OMB Memorandum M-25-22: Driving Efficient Acquisition of Artificial Intelligence in Government
OMB Memo M-25-22 complements Memo M-25-21 by instructing federal agencies how to acquire AI responsibly. The memo focuses on three overarching themes: fostering a competitive American marketplace for AI to ensure high-quality, cost-effective solutions for the public; safeguarding taxpayer dollars by tracking AI performance and managing risks; and promoting effective AI acquisition through cross-functional engagement.
Scope
The memo applies to “AI systems or services that are acquired by or on behalf of covered agencies,” and exempts AI acquired for use as a component of a National Security System, among other exemptions.
Key Provisions
Investing in the American AI marketplace: The memo encourages agencies to maximize investments by purchasing U.S.-developed AI solutions where possible. Agencies also are encouraged to develop and retain AI talent with relevant technical expertise who can contribute to ongoing efforts to scale and govern AI.
Protecting American privacy and IP rights: Agencies must ensure that any acquired AI system complies with existing privacy and IP legal requirements. Agencies also must have appropriate processes in place that cover the use of government data. For example, procurement contracts should include terms that prevent vendors from processing such data for the purpose of training, fine-tuning or developing an AI system without explicit consent from the agency.

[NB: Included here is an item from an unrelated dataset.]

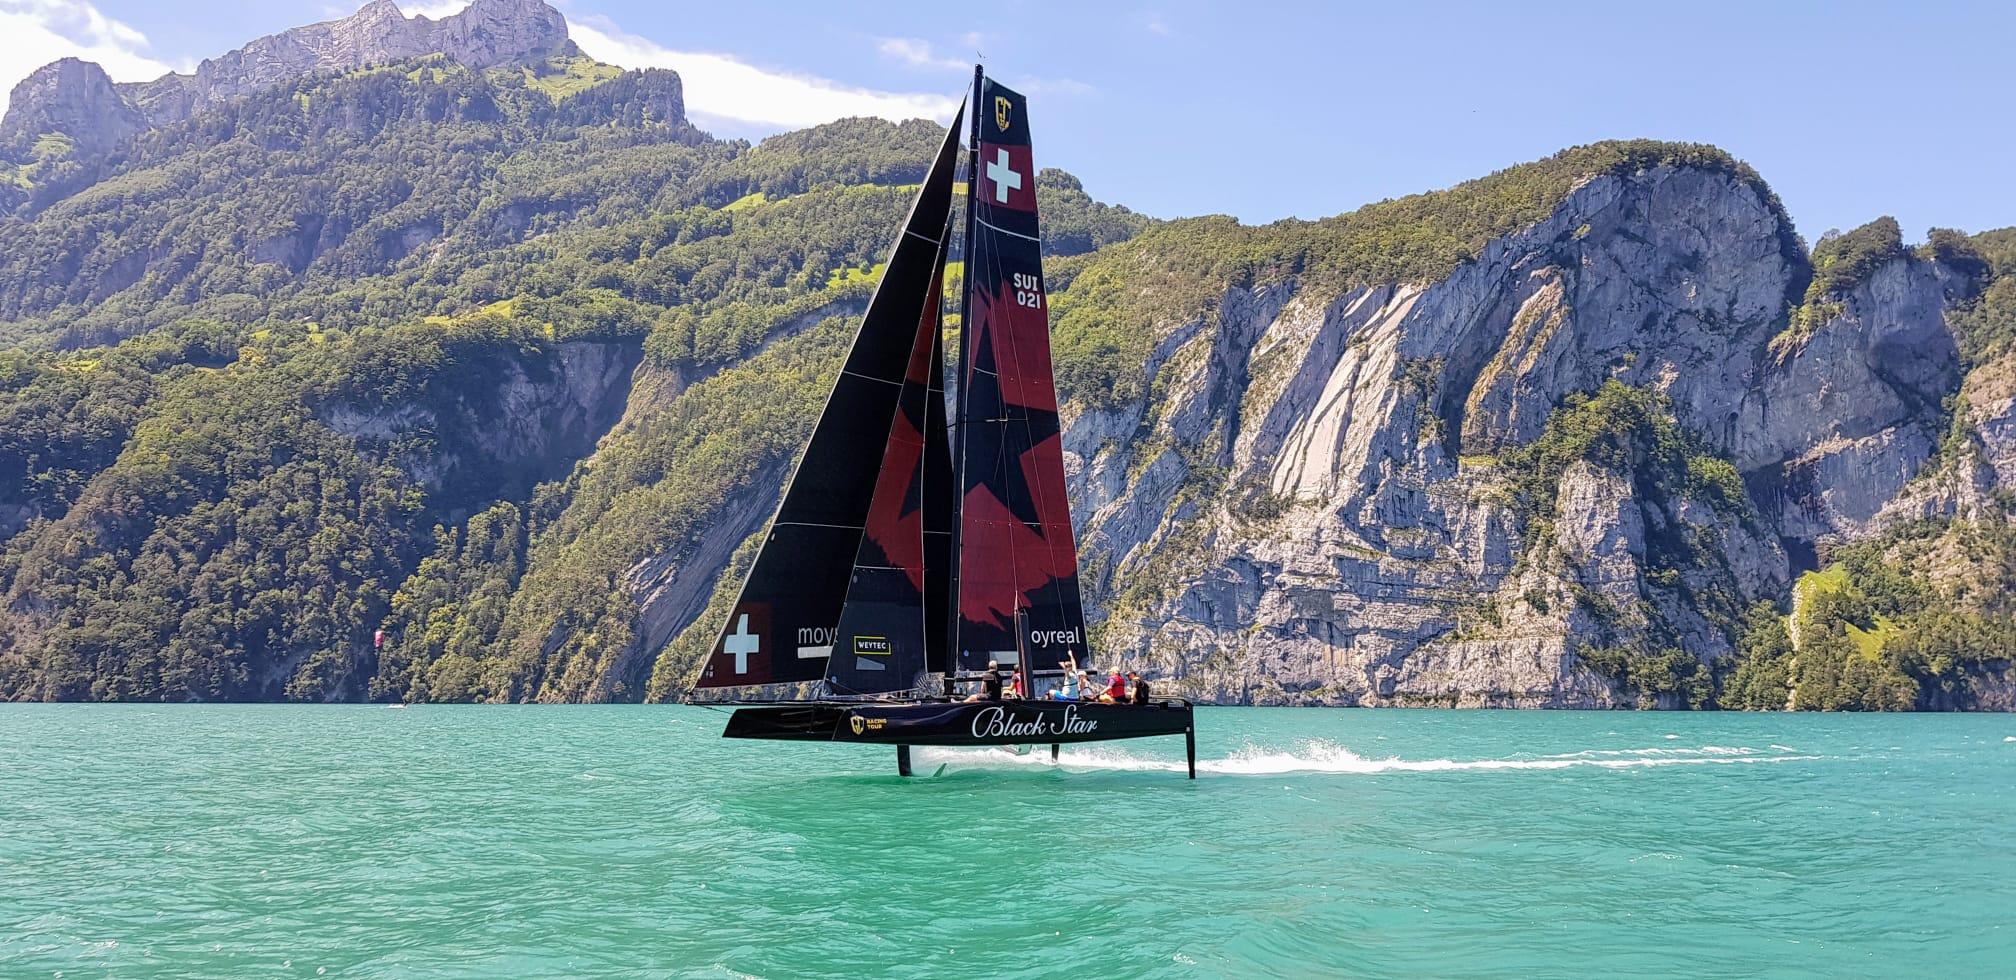 BlackStar-Guest-Sailing_2020_06

Ensuring competitive, cost-effective procurement: Procurement contracts should protect against vendor lock-in through requirements, including vendor knowledge transfers, data and model portability, and transparency. Agencies also may incentivize competition by leveraging performance-based contracting to ensure satisfactory model performance.
Assessing AI risks across the lifecycle: Agencies must ensure that contracts include the ability to regularly monitor and evaluate the performance, risks, and effectiveness of an AI system or service. Agencies also are encouraged to require vendors to perform regular assessments and mitigate new risks or correct changes to AI model performance. Contracts also must comply with the minimum risk management practices for high-impact AI use cases (outlined in OBM Memo M-25-21).
Contributing to a shared repository of best practices: Within 200 days, GSA, in coordination with OMB, will develop an online repository of tools and resources to enable responsible AI procurement. Agencies should contribute to this repository where possible to foster knowledge-sharing and interagency cooperation.
Requiring unanticipated disclosures of vendor AI use: Agencies should consider including solicitation provisions in their contracts that require disclosure of unanticipated vendor use of AI.